The original Plan, effective March 1, 1976, is a defined contribution plan
established by The Southern Company System (the "Company") for the primary
purposes of creating added employee interest in the affairs of the Company and
supplementing retirement and death benefits of employees. Under the Plan,
amounts deducted from the compensation or deferred from compensation by an
employee (a "Participant") are contributed to the Plan on the Participant's
behalf and are supplemented by contributions of the Employing Companies. The
Plan was amended and restated effective as of July 3, 1995 in order to
incorporate a variety of plan design and other changes.
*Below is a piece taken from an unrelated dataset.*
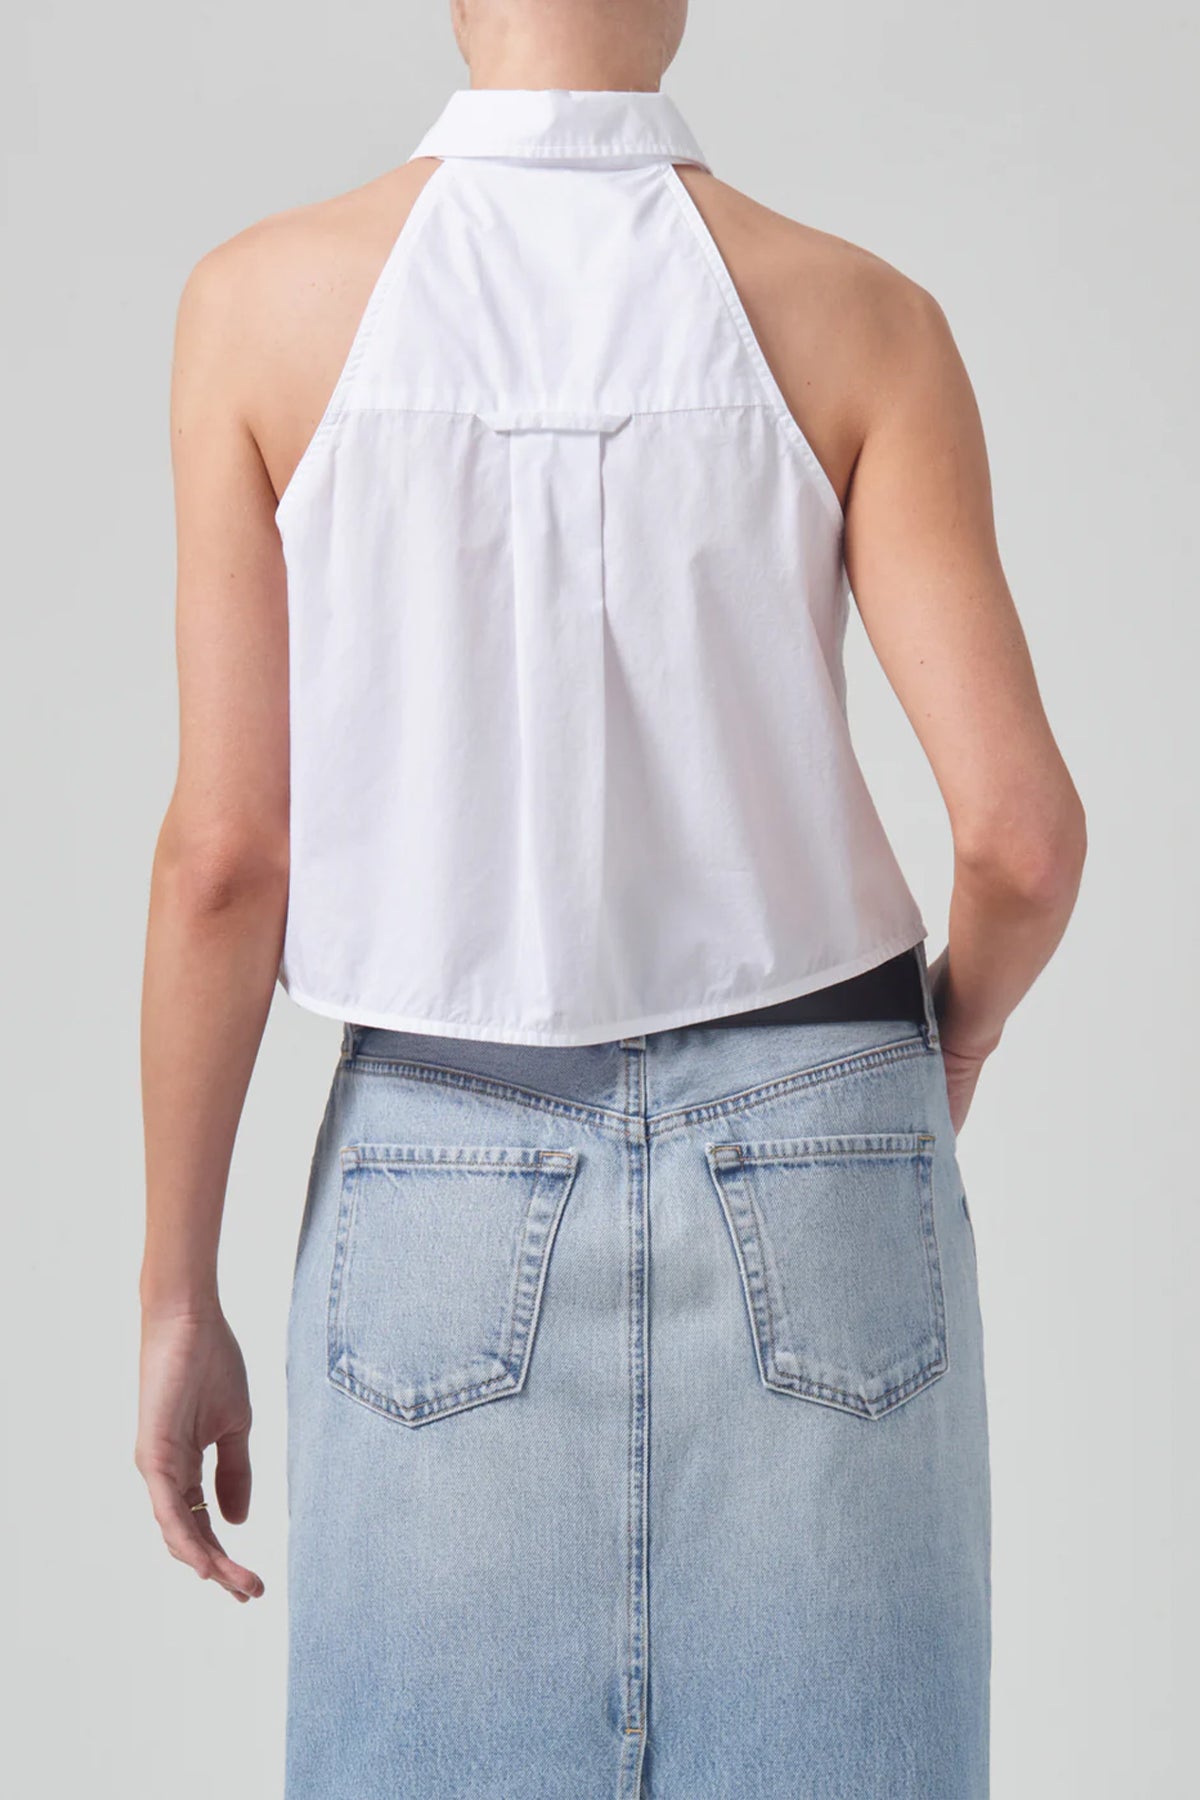 Adeline Sleeveless Shirt in Optic White - shop-olivia.com

This amendment and
restatement shall not be applicable to former Participants or Beneficiaries of
former Participants whose participation in the Plan terminated prior to July 3,
1995. The Plan is subject to the provisions of the Employee Retirement Income
Security Act of 1974, as amended ("ERISA").
The responsibility for operation and administration of the Plan is vested
in The Southern Company Employee Savings Plan Committee (the "Committee"), which
consists of the individuals serving in the positions of Director, System
Compensation and Benefits of The Southern Company; Vice-President, Human
Resources of The Southern Company; and Comptroller of The Southern Company or
any other position or positions that succeed to the duties of the foregoing
positions. However, the Plan allows a Participant to exercise control over the
assets in his account, with the exception of The Southern Company matching
contributions, and is intended to qualify as a plan described in Section 404(c)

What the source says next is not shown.